■ EXERCISE PROMPT: The whole listing should be retyped word for word, apart from the pictures it holds.

■ PROVIDED MATERIAL:
****************************************

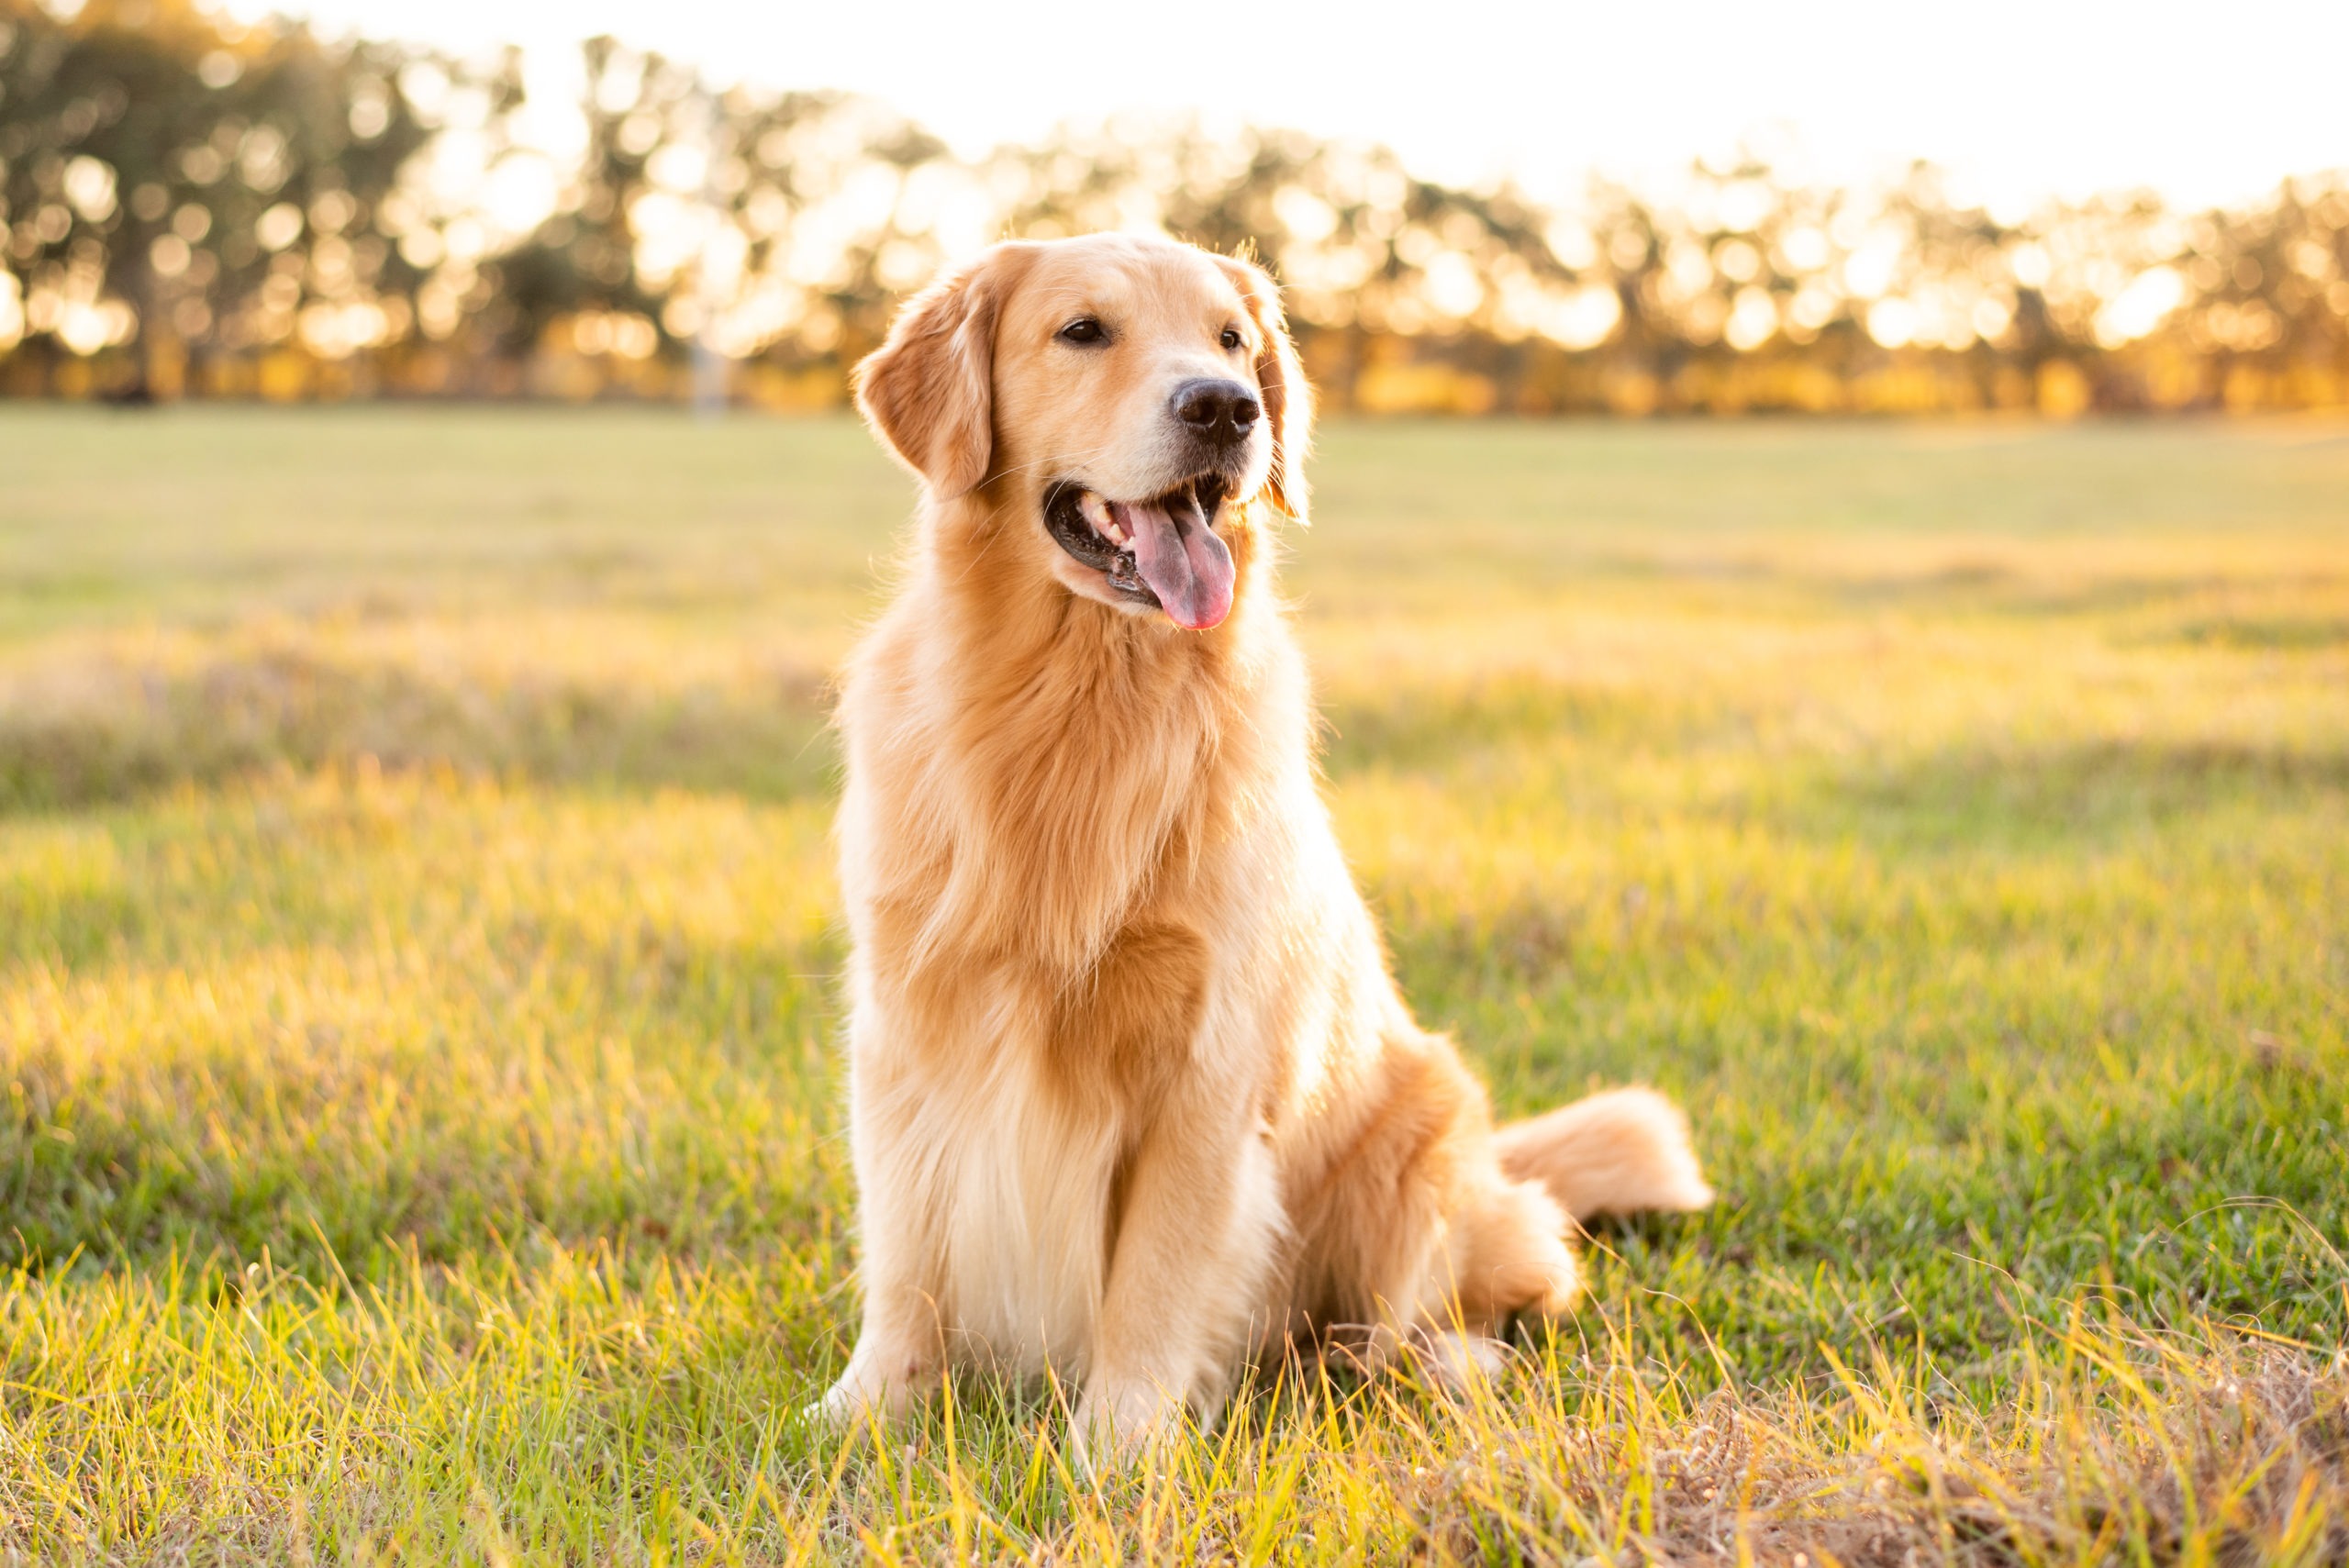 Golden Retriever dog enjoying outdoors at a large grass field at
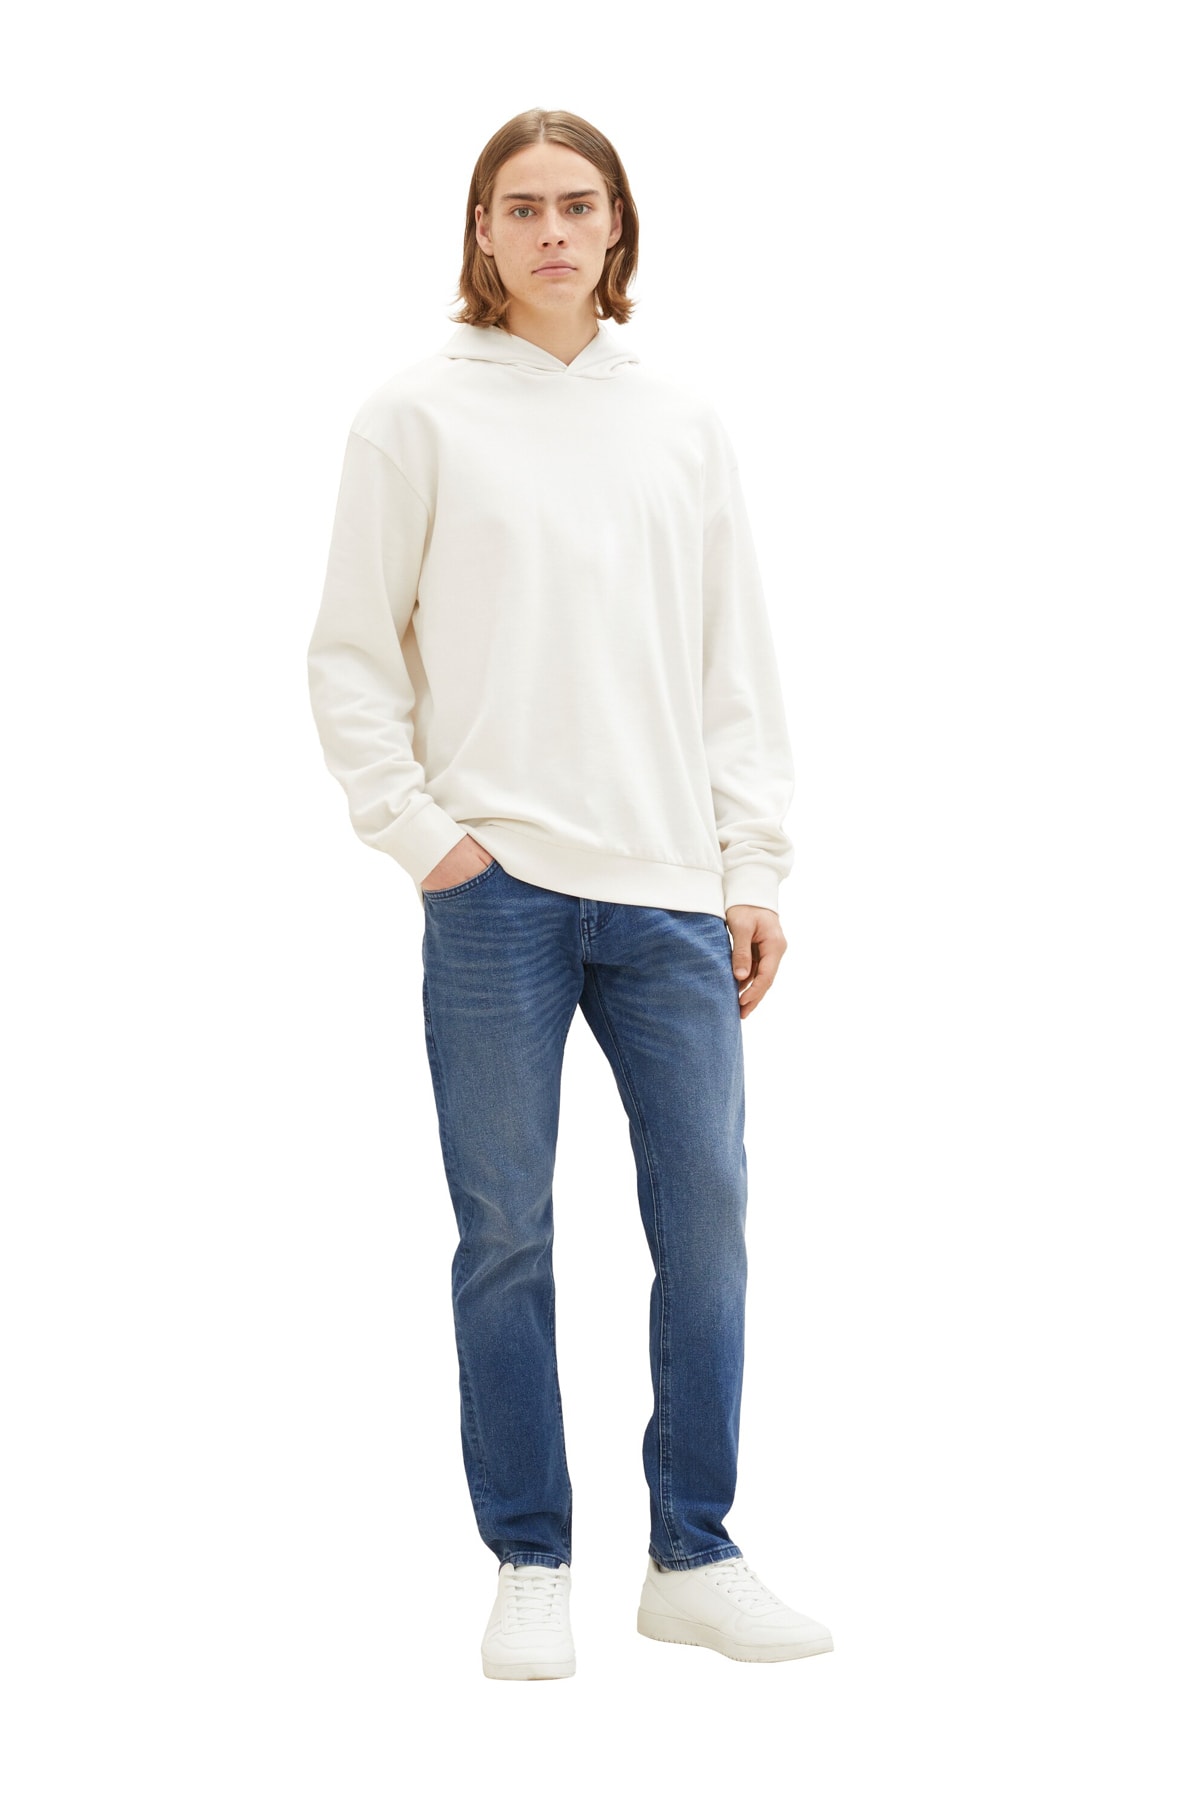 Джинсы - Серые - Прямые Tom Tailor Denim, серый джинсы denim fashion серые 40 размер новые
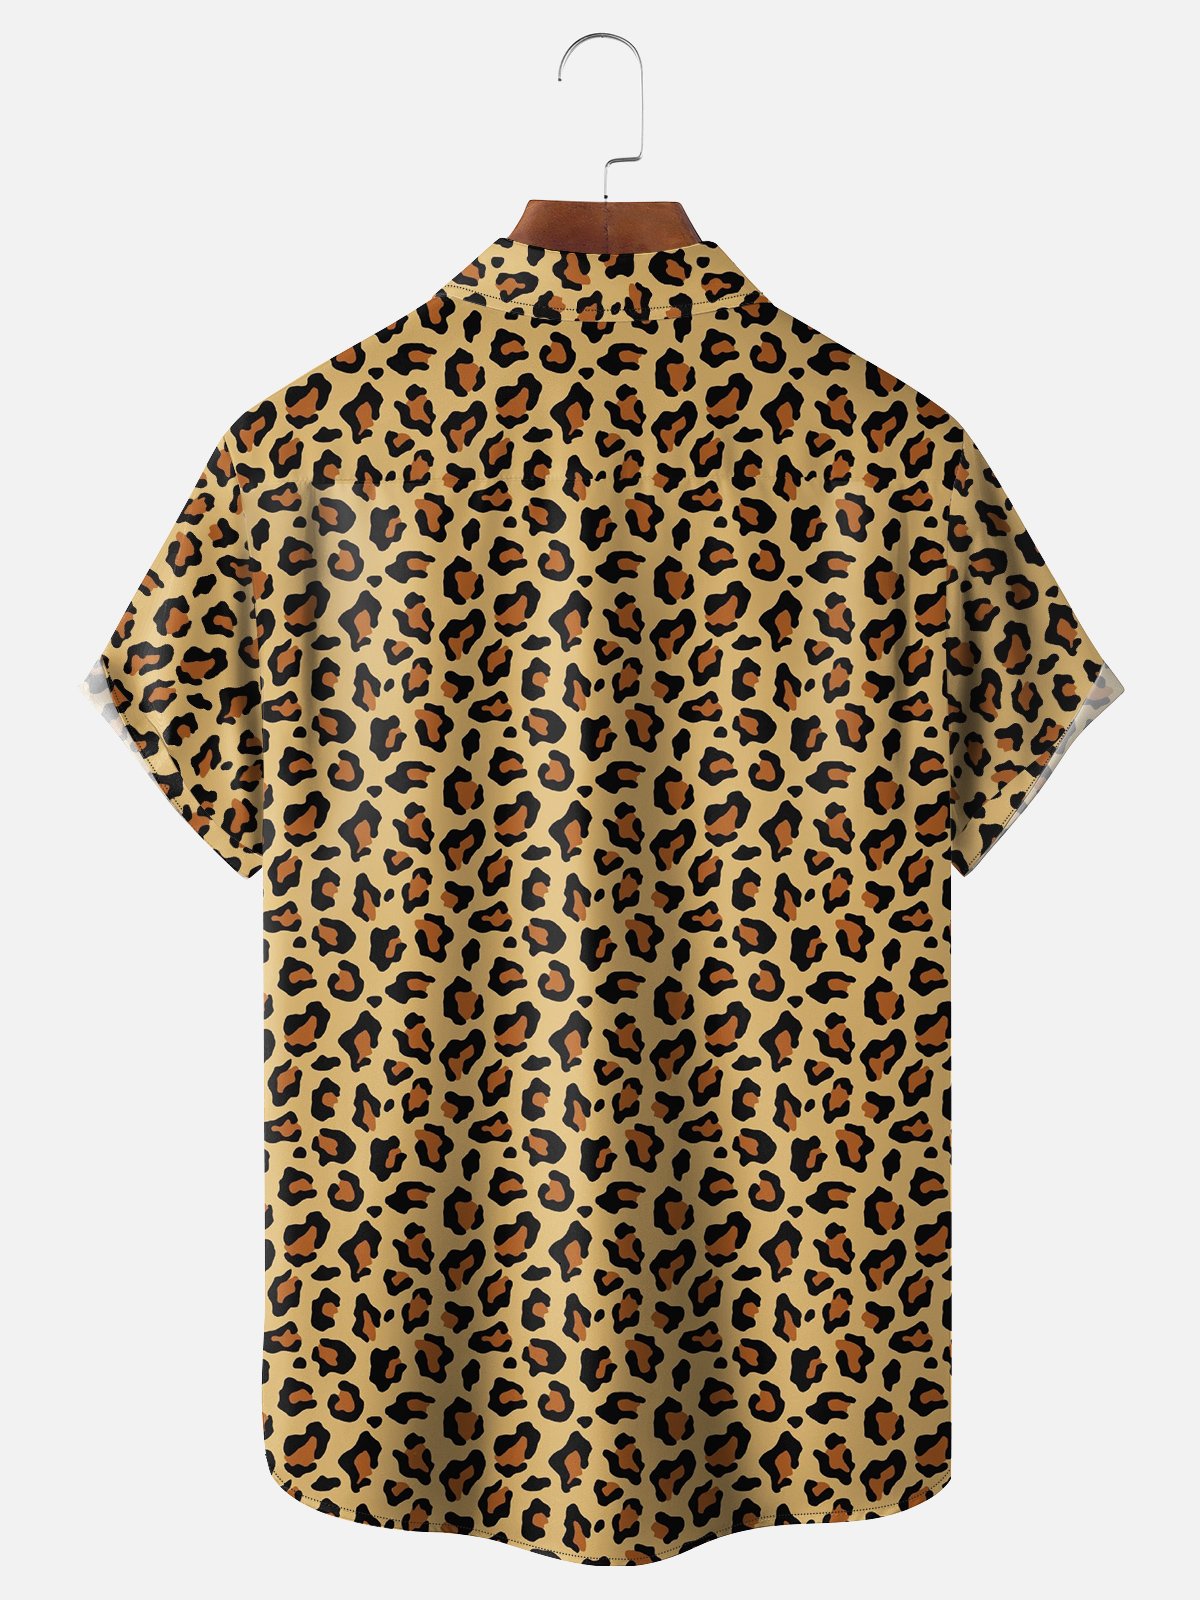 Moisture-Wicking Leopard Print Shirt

****************************************

■ RESPONSE TO THIS EXERCISE:
 Golden Retriever dog enjoying outdoors at a large grass field at
 Джинсы - Серые - Прямые Tom Tailor Denim, серый джинсы denim fashion серые 40 размер новые
 Moisture-Wicking Leopard Print Shirt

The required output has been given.